In the grand scheme of things, it’s not too hard to buy a drone, affix a bomb to it, fly it to where enemy combatants are, and drop the bomb. “We're not talking rocket science here,” Singer noted.

And ISIS has begun recruiting scientists and engineers to keep the drones it currently has flying and to build new ones from scratch. Some answered the call, and now ISIS has a pretty impressive armory of drones.

The good news is that the US is fighting back. The US Air Force created an electronic weapon that zaps ISIS drones out of the sky. Think of it as a cyber rifle that messes with the drone so much it becomes ineffective.

So at least there’s a fix — which is good. But a question remains: Are militant groups going to keep finding new ways to mess with the US military?
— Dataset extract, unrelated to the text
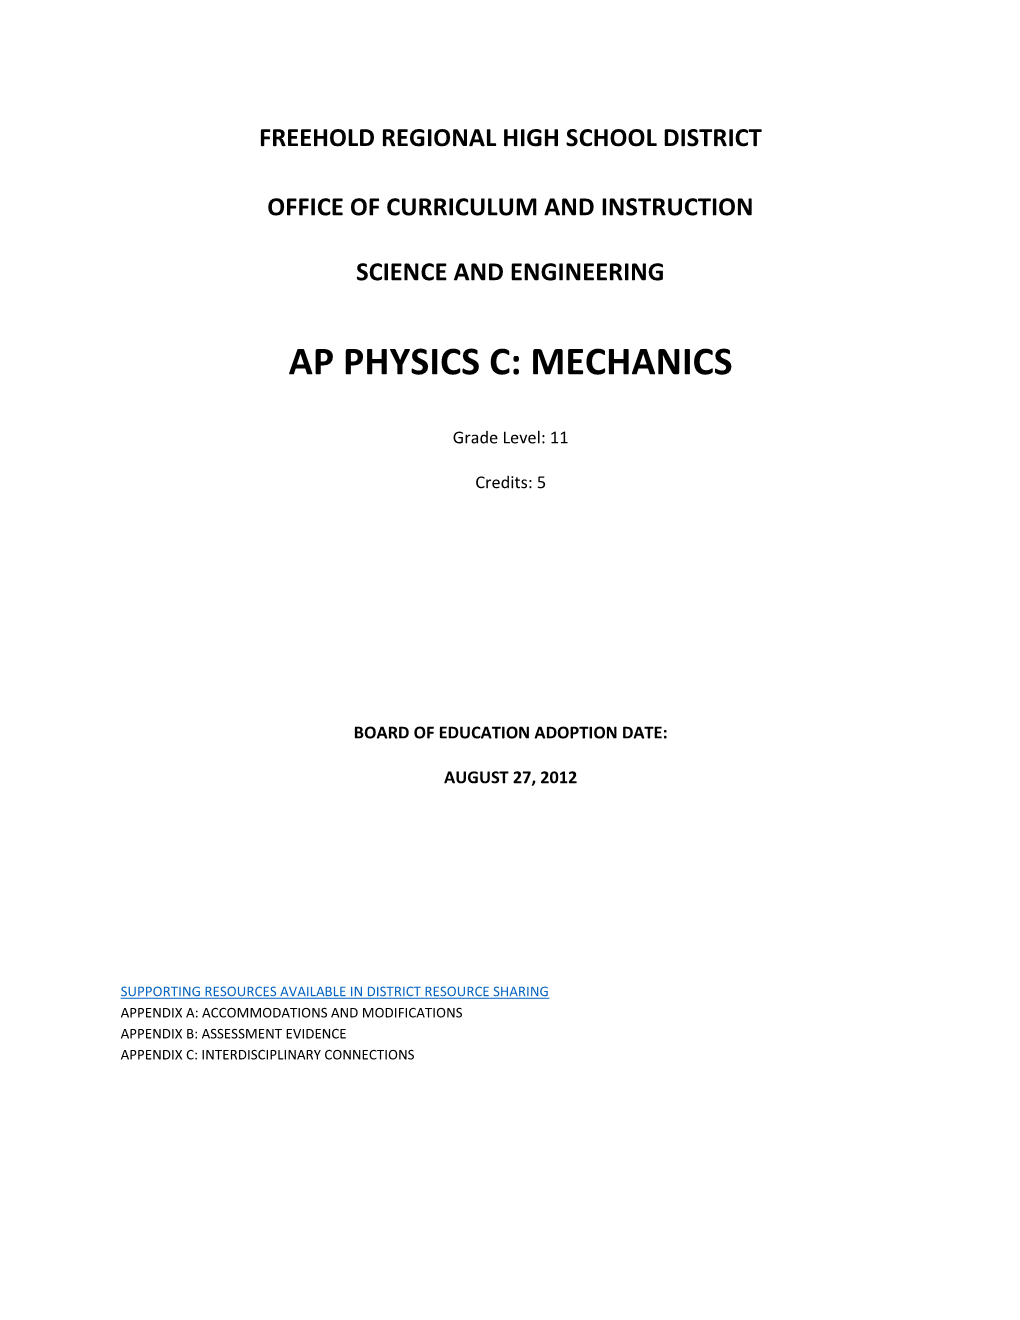 Advanced Placement Physics C

Bad guys always seem to find new ways to cause problems

As Singer told me, “There is a long history of terrorists and weak groups making use of something commercially available,” like when “one of the early horseless carriages was used as a car bomb against the Ottoman sultan.”

So it was basically inevitable that ISIS was going to figure out how to use drones sooner or later. What might come next?
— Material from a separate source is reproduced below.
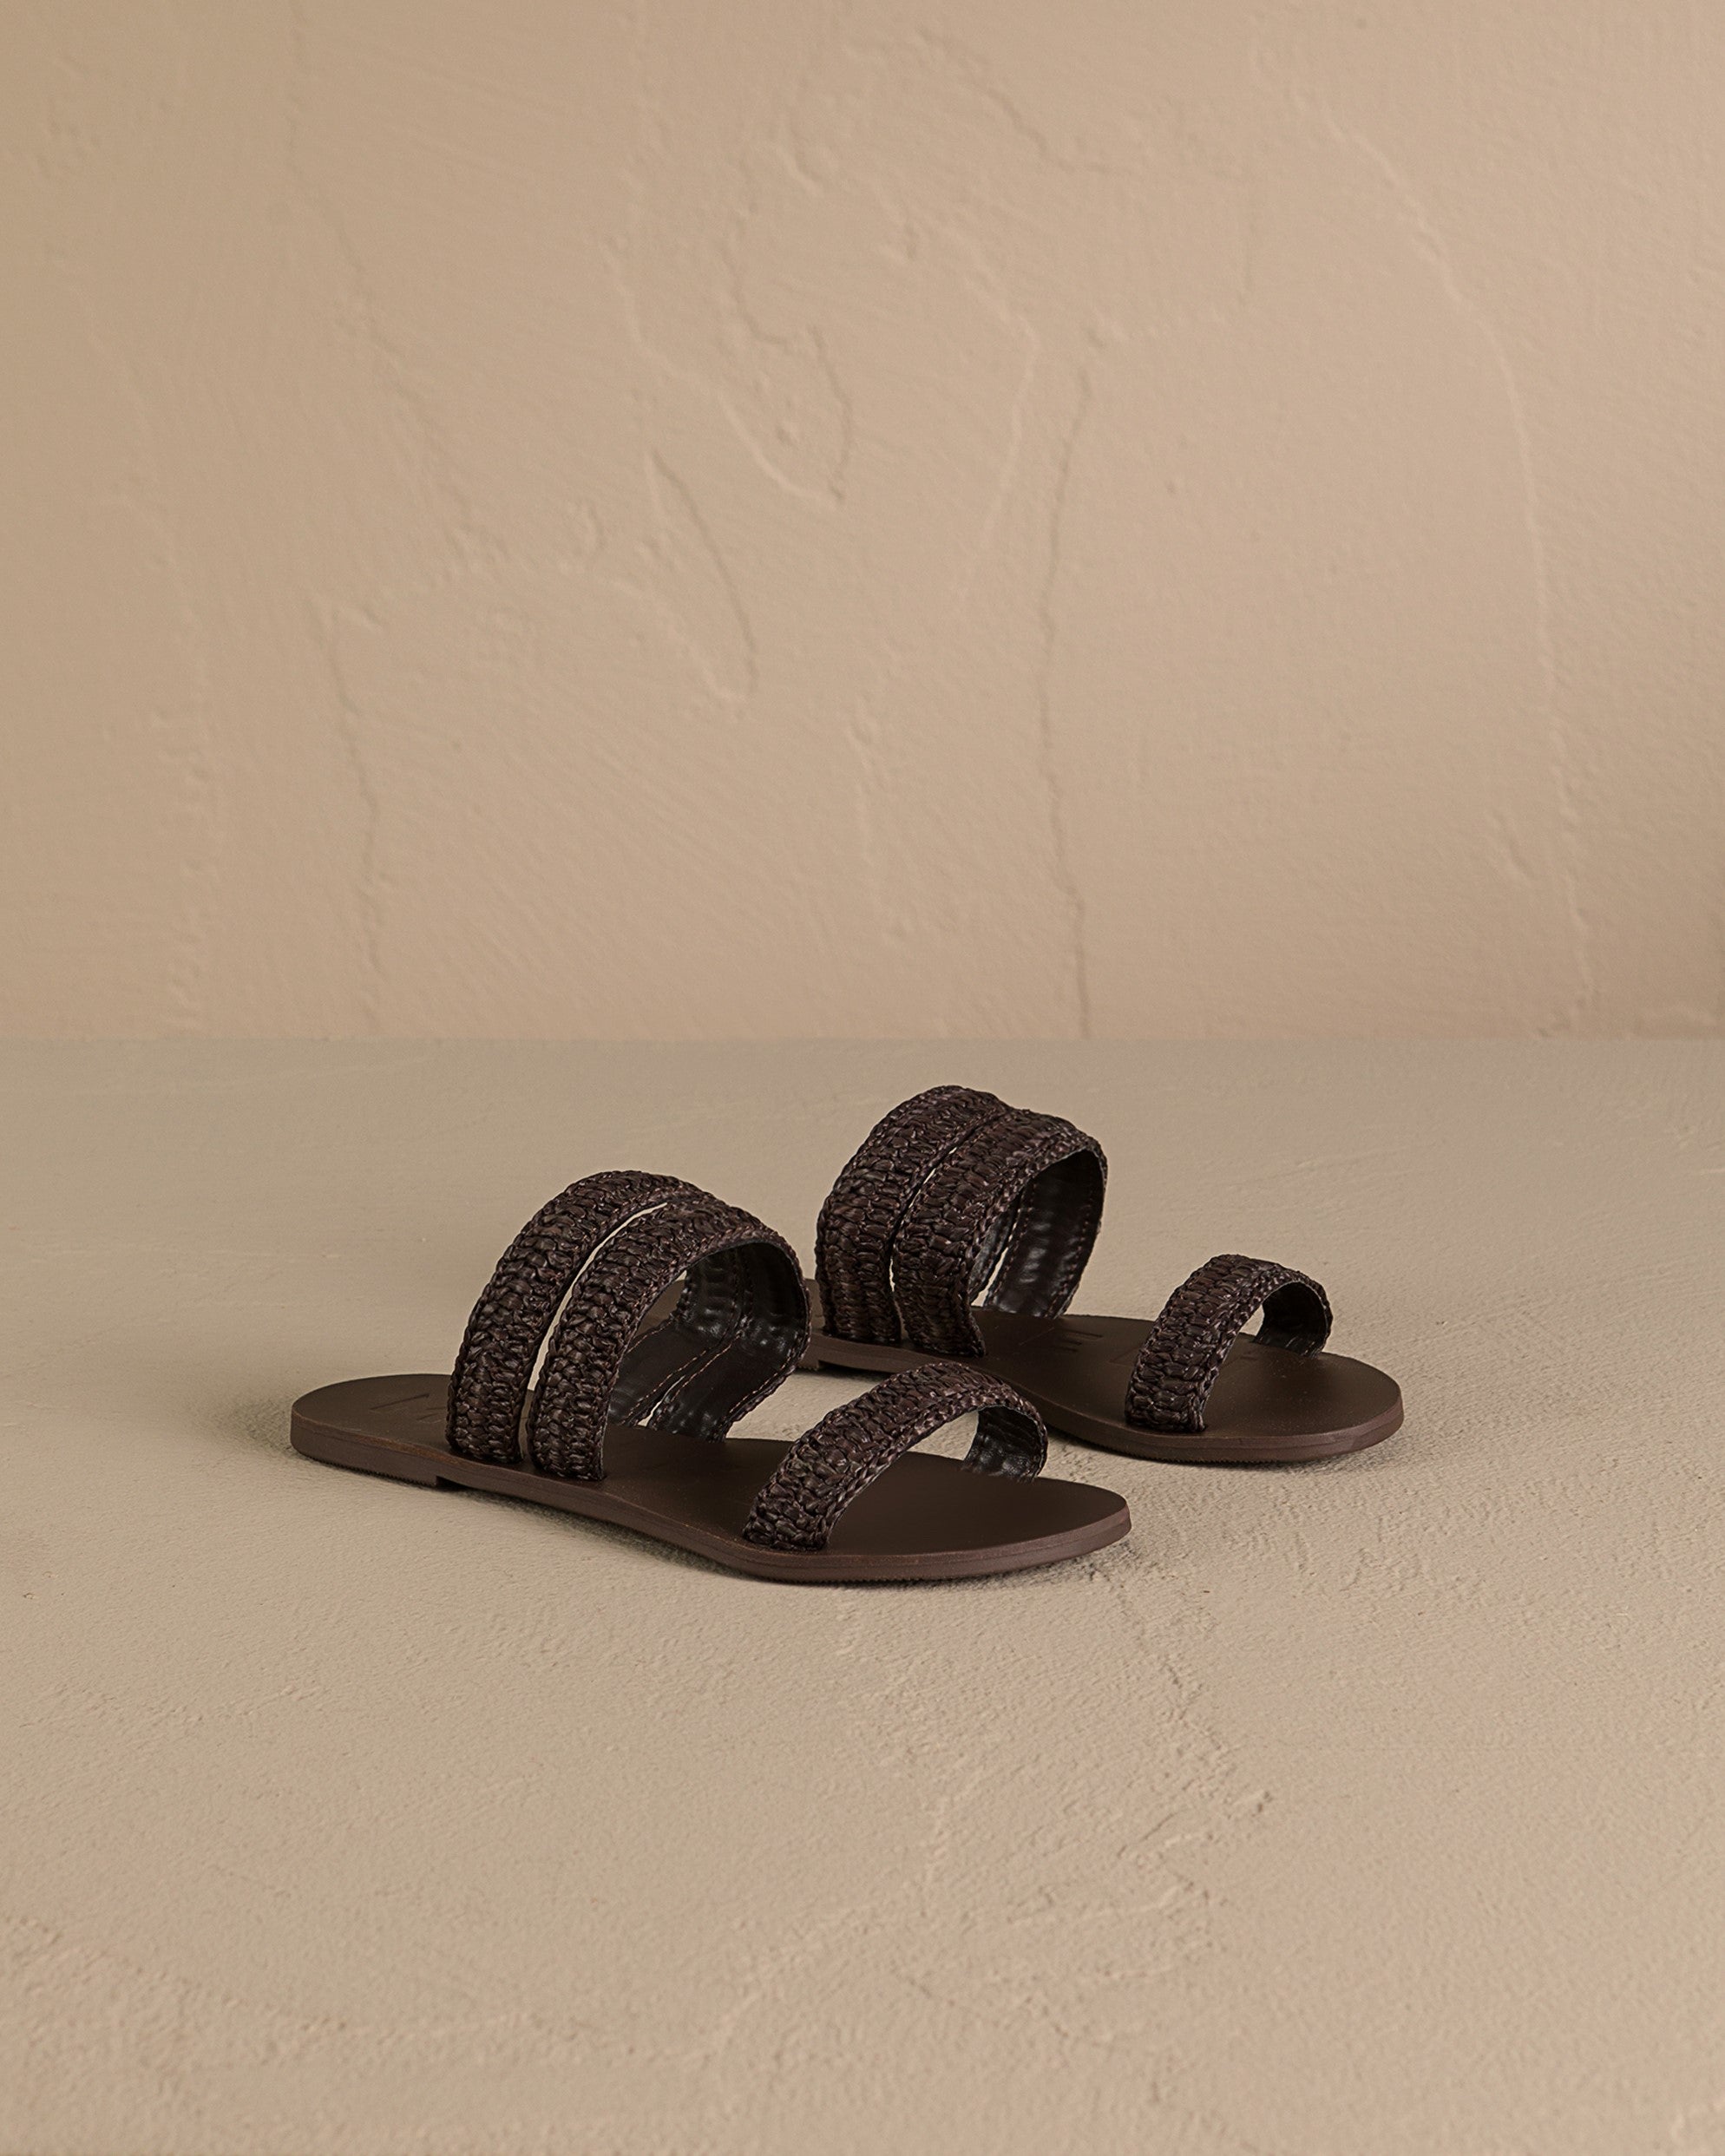 Raffia Stripes Leather|Three Bands Sandals - Cocoa

To figure that out, I asked Anthony, the Call of Duty director turned analyst. He thinks “it’s only a matter of time before a drone is used in a soft target strike on US soil.” Now that it’s harder for ISIS to operate drones on the battlefields of Iraq and Syria, why not use a weaponized drone somewhere in America, like a school or airport?

It’s a scary thought, for sure. But it’s not outside the realm of possibility. After all, as the Pentagon admits, ISIS is creative.